Assignment - Each line below must be set down exactly; omit any image you find.
Data block below:
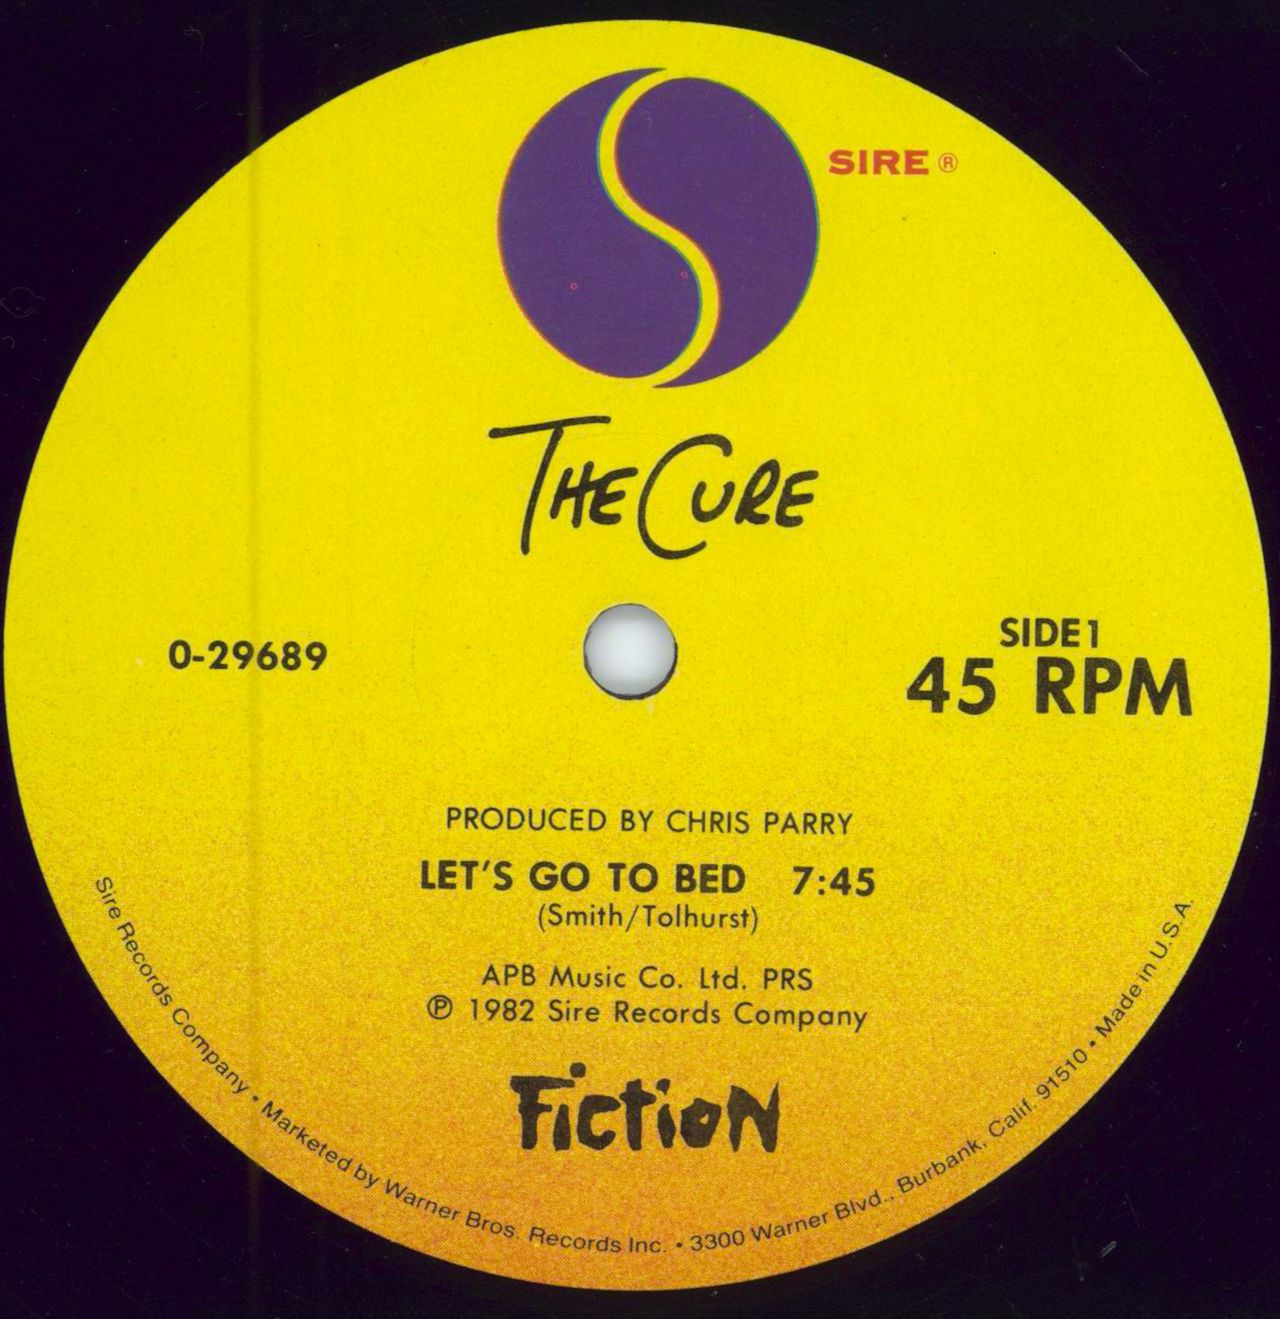 The Cure Let's Go To Bed - EX US 12" vinyl single (12 inch record / Maxi-single) CUR12LE785269
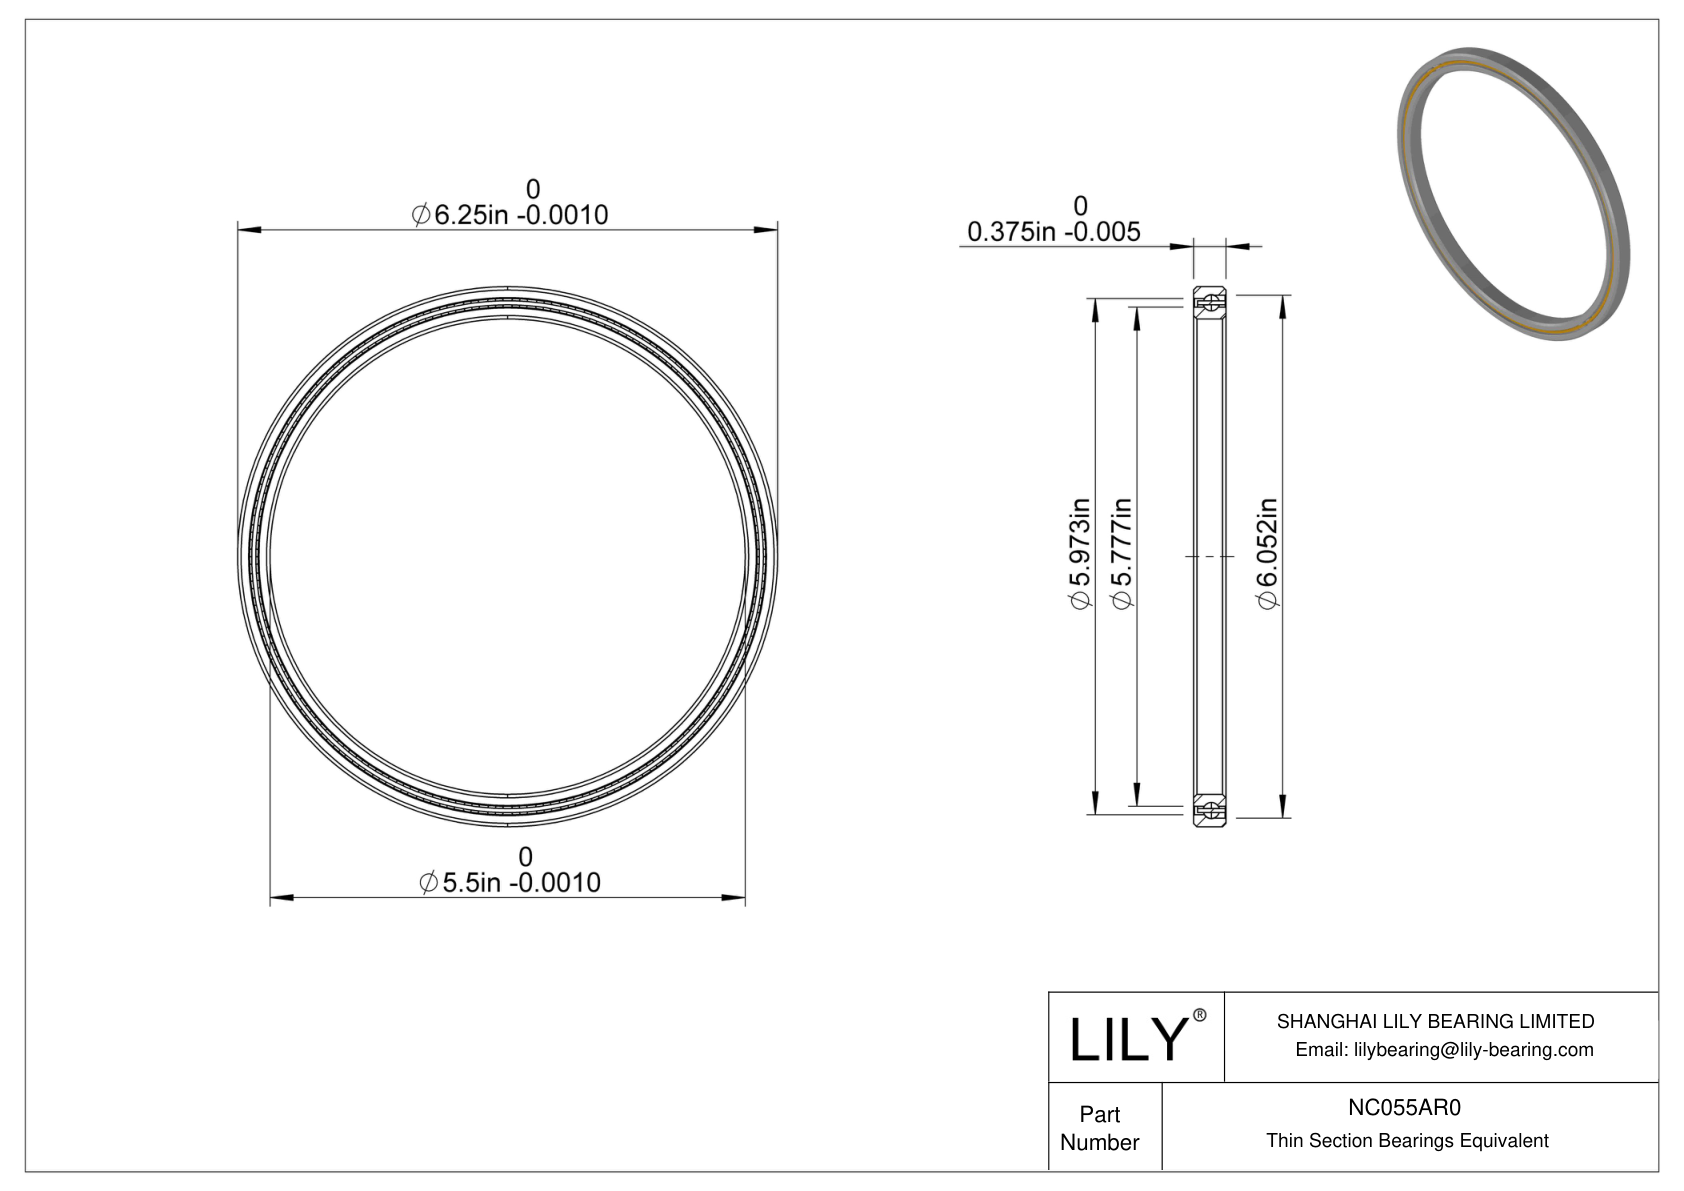 NC055AR0 Constant Section (CS) Bearings cad drawing
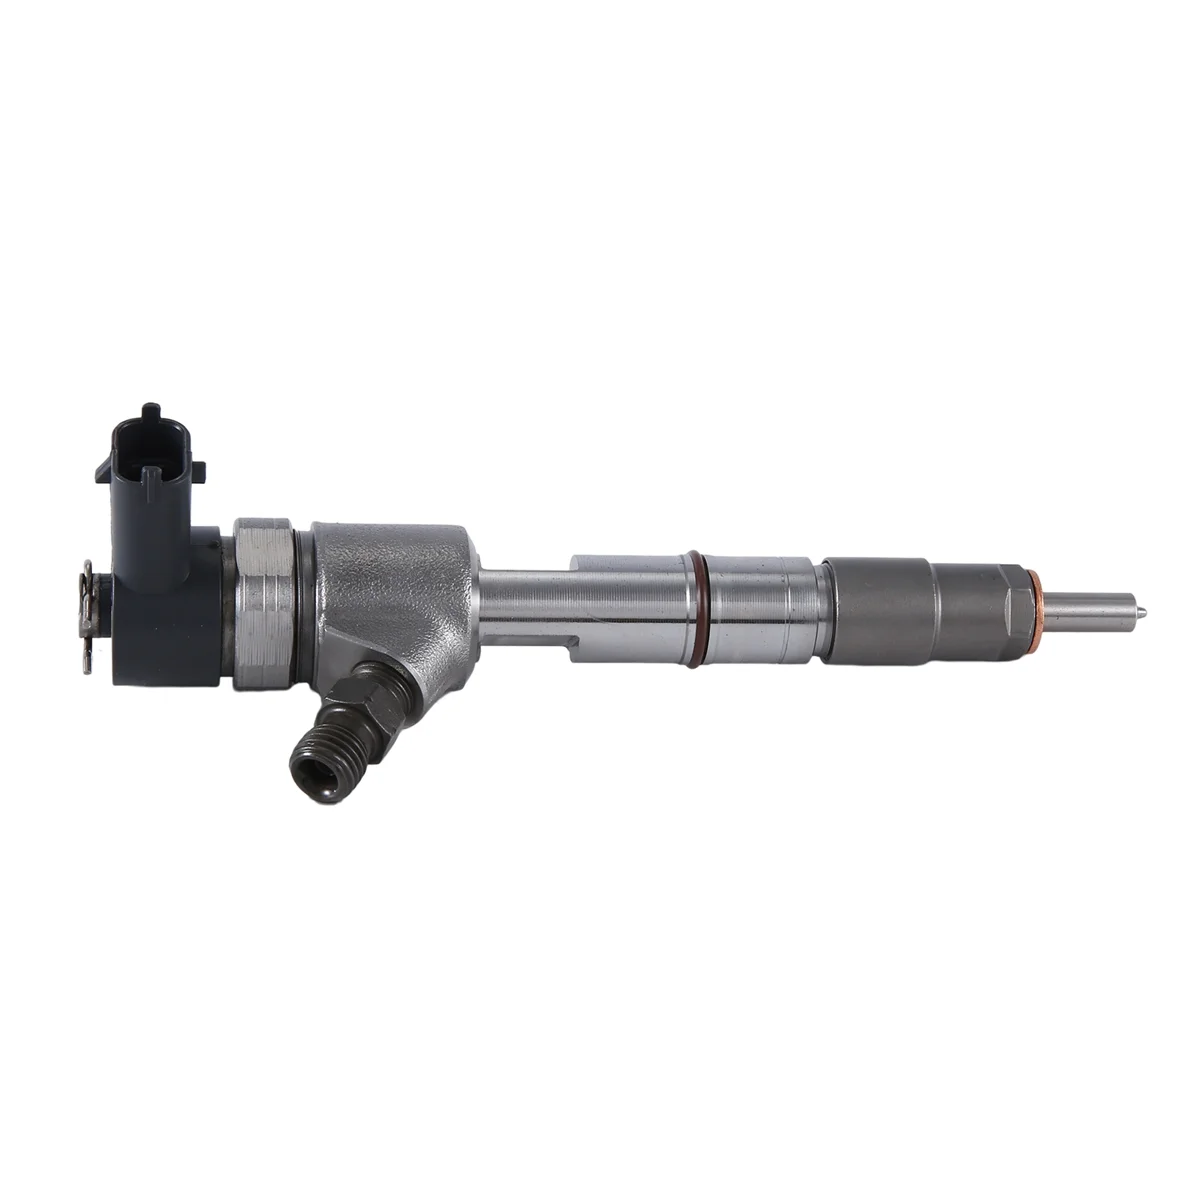 

0445110629 New Common Rail Diesel Fuel Injector Nozzle for JMC
End of Data block.
Solution -
 The Cure Let's Go To Bed - EX US 12" vinyl single (12 inch record / Maxi-single) CUR12LE785269
 NC055AR0 Constant Section (CS) Bearings cad drawing

0445110629 New Common Rail Diesel Fuel Injector Nozzle for JMC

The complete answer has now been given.